● Record excerpts
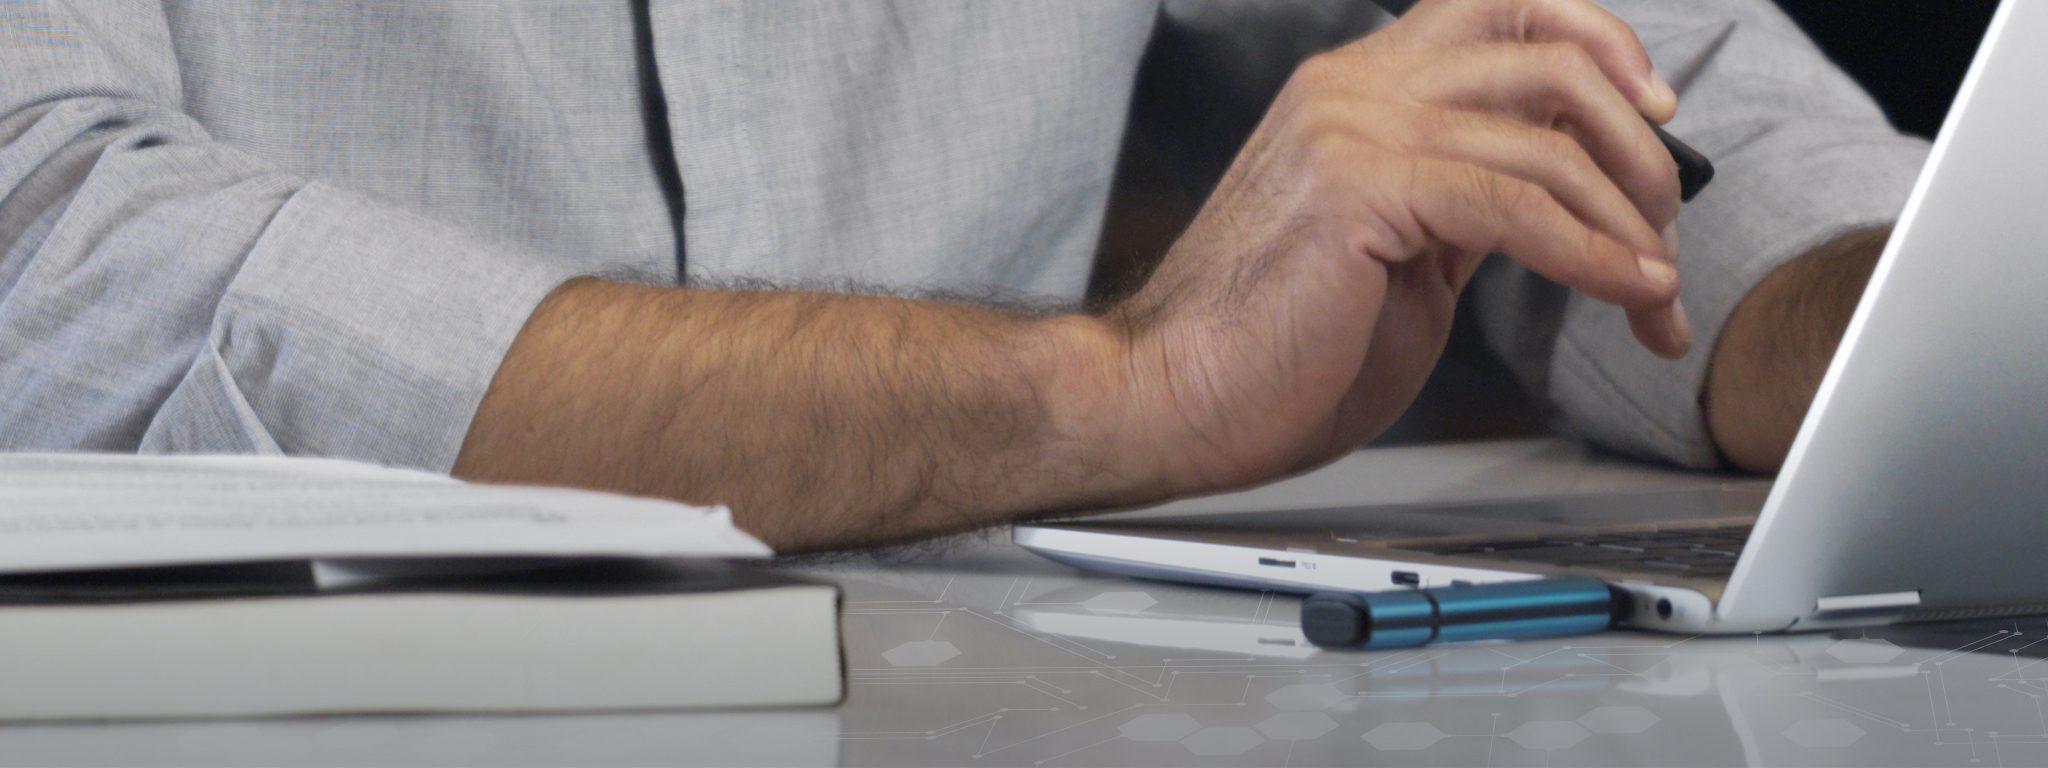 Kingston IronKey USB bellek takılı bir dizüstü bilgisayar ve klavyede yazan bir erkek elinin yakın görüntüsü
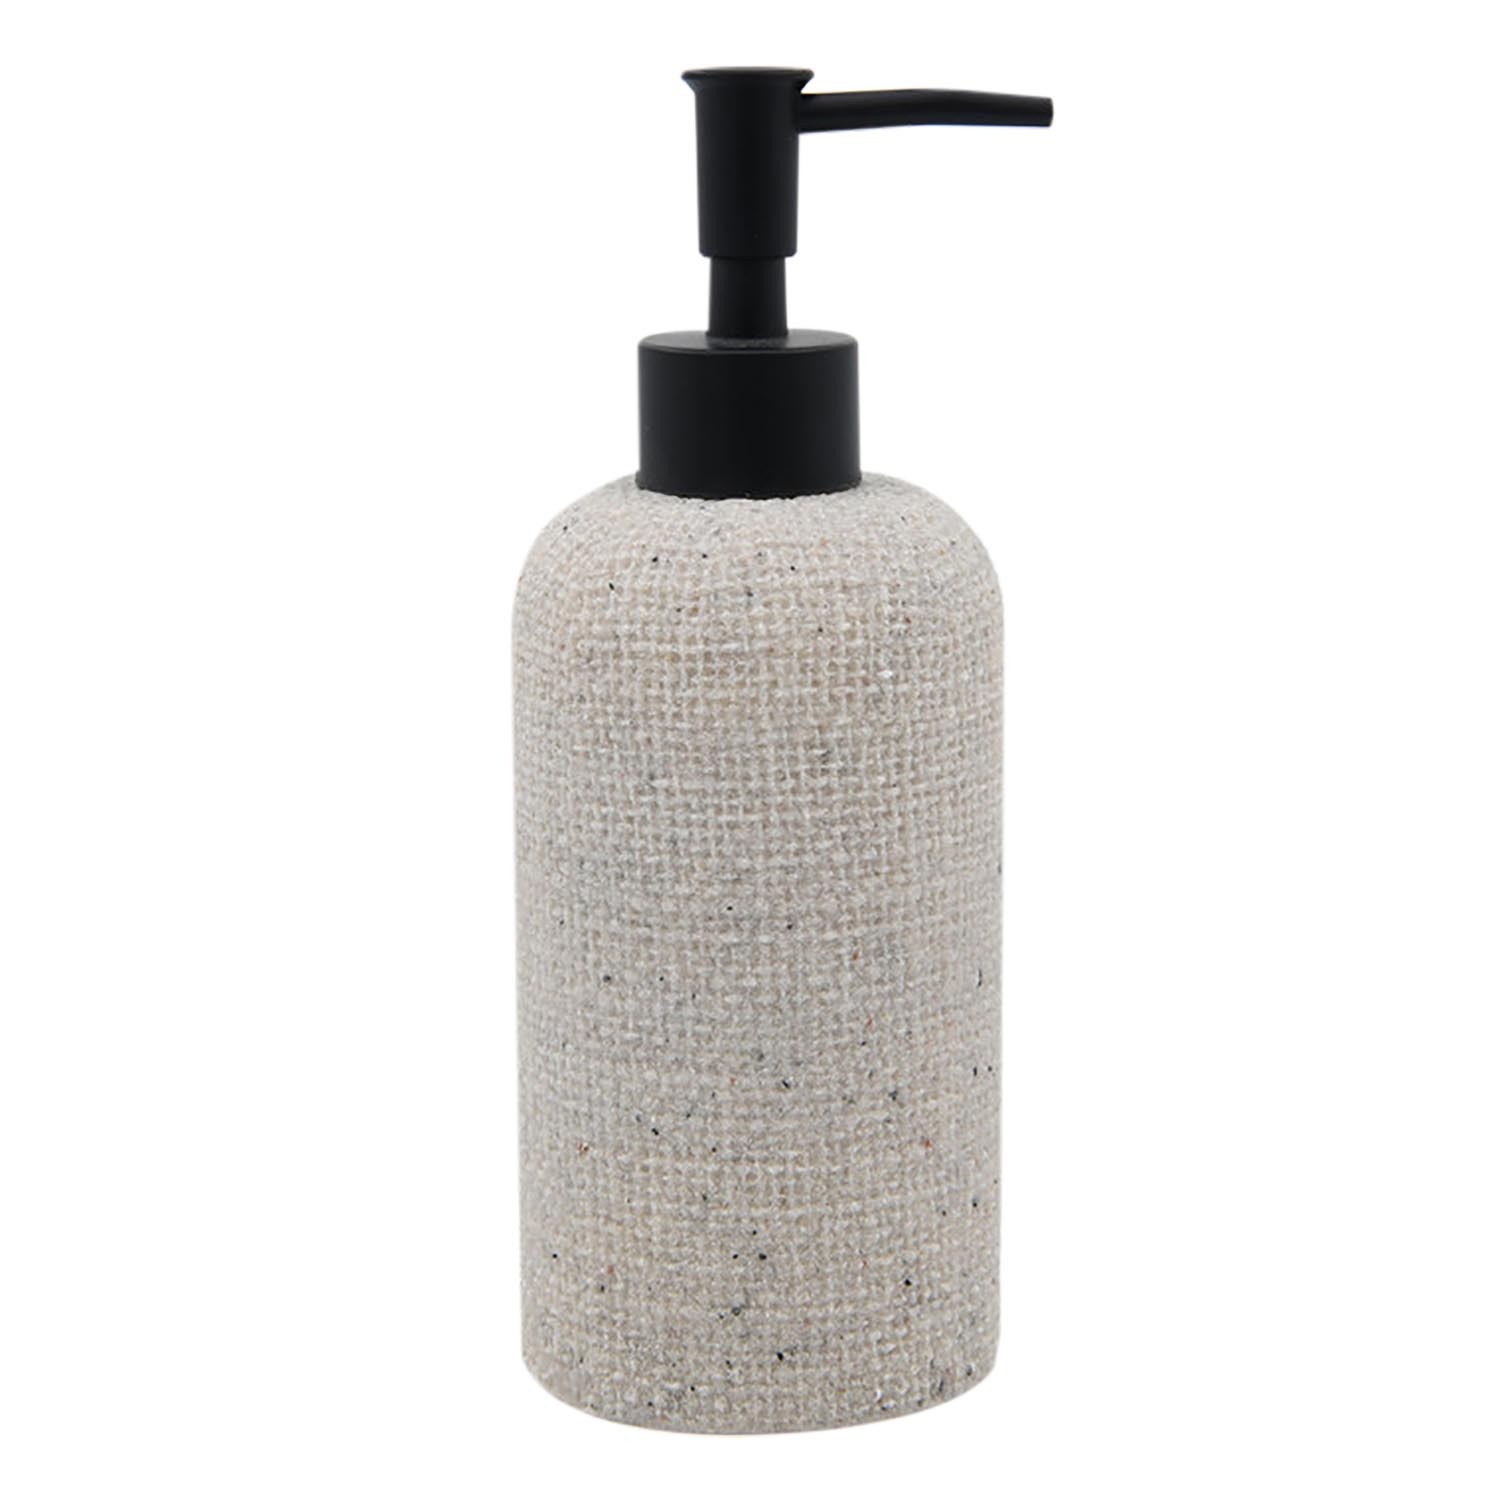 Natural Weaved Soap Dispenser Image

==

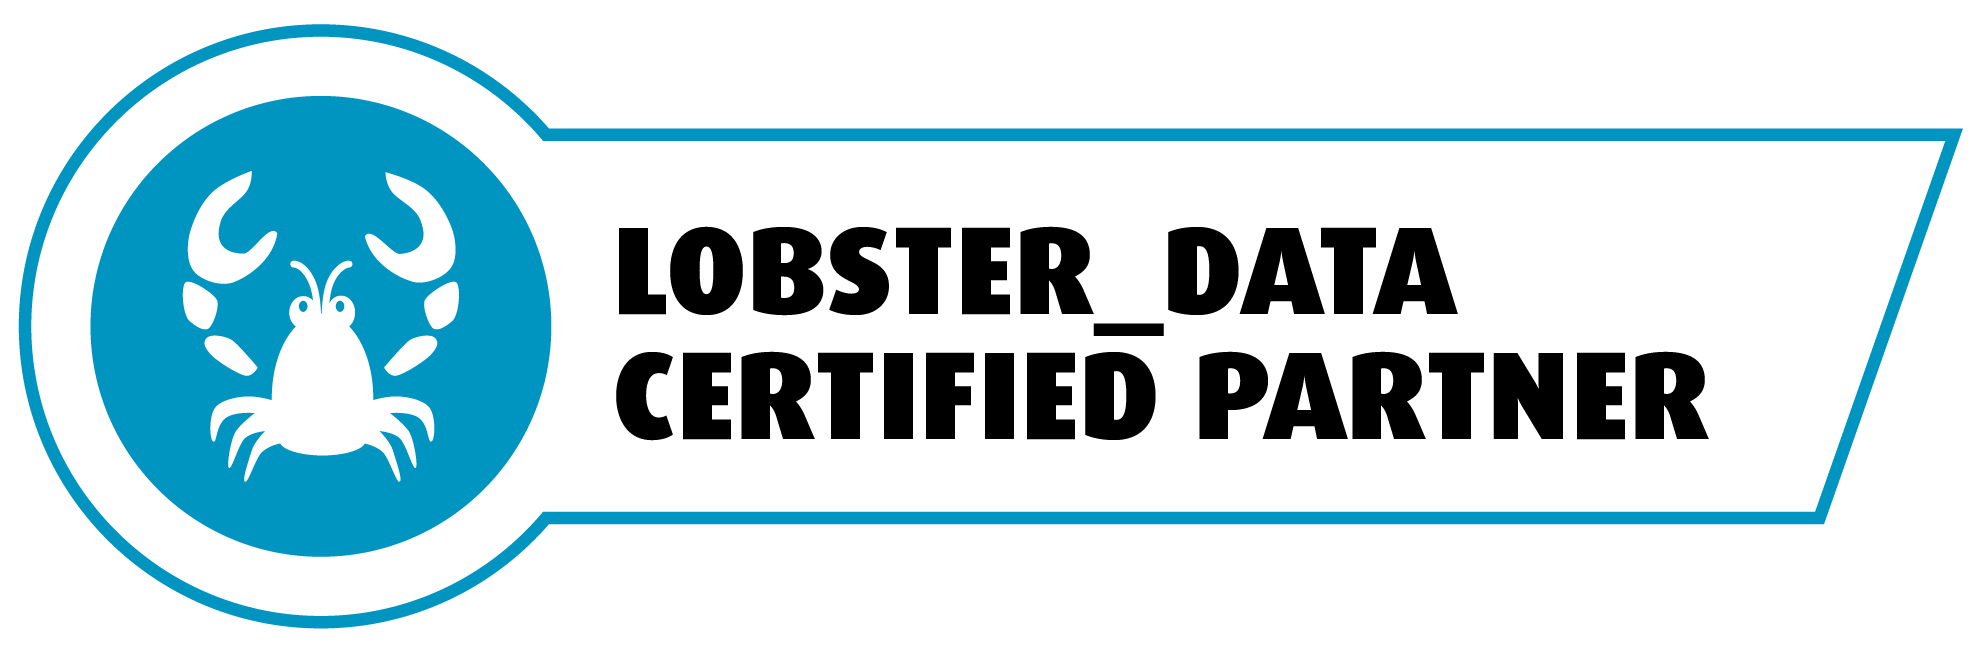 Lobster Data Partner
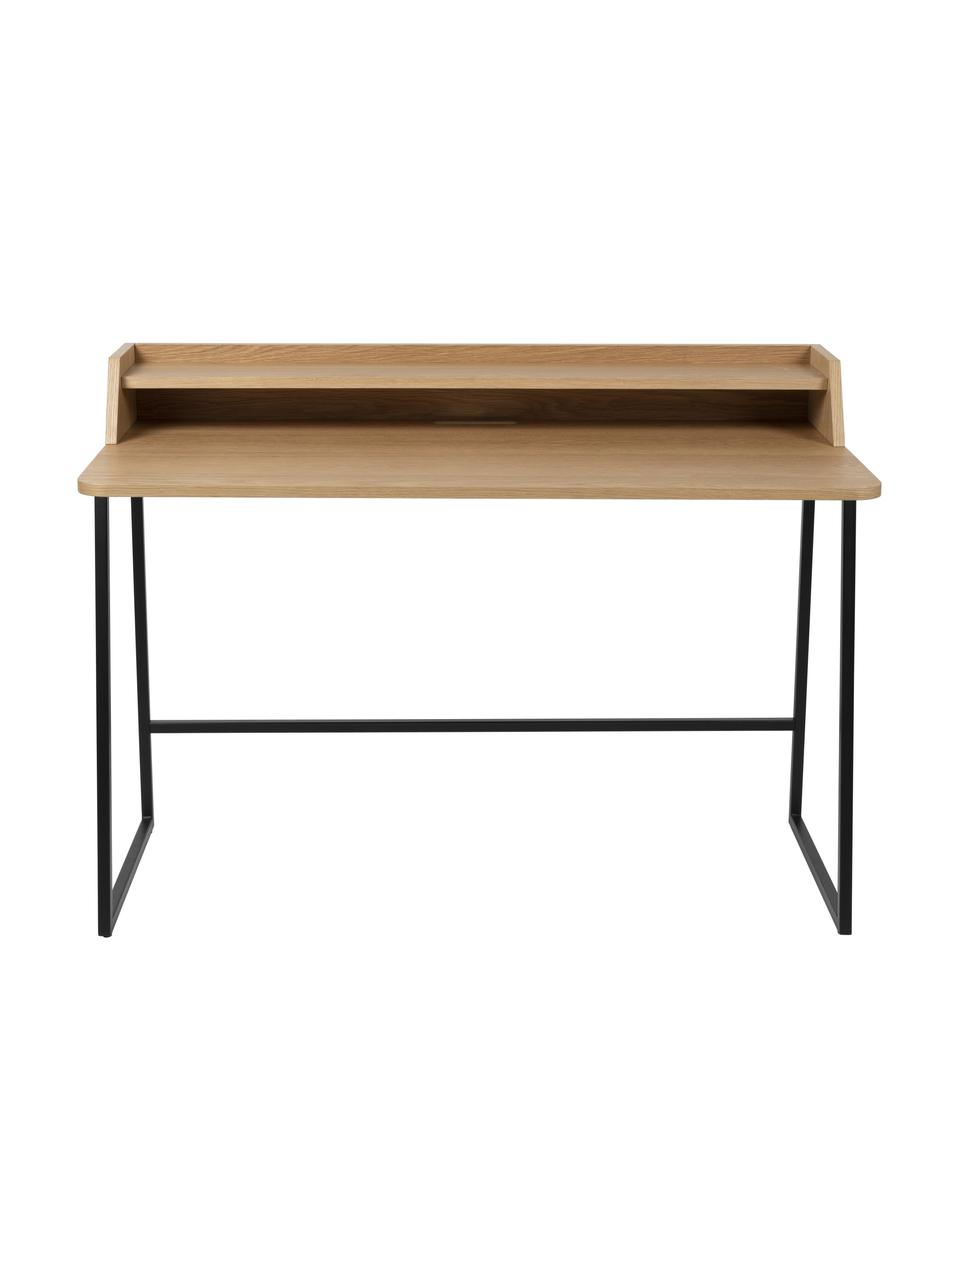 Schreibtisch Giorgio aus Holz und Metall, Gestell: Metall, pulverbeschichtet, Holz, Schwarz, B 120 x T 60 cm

● Assignment
What you write out is the stretch of entries from the line containing "Lobster Data Partner" to the line containing "Schreibtisch Giorgio aus", word for word, with both end lines and no pictures.

● Output below
 Lobster Data Partner
 Schreibtisch Giorgio aus Holz und Metall, Gestell: Metall, pulverbeschichtet, Holz, Schwarz, B 120 x T 60 cm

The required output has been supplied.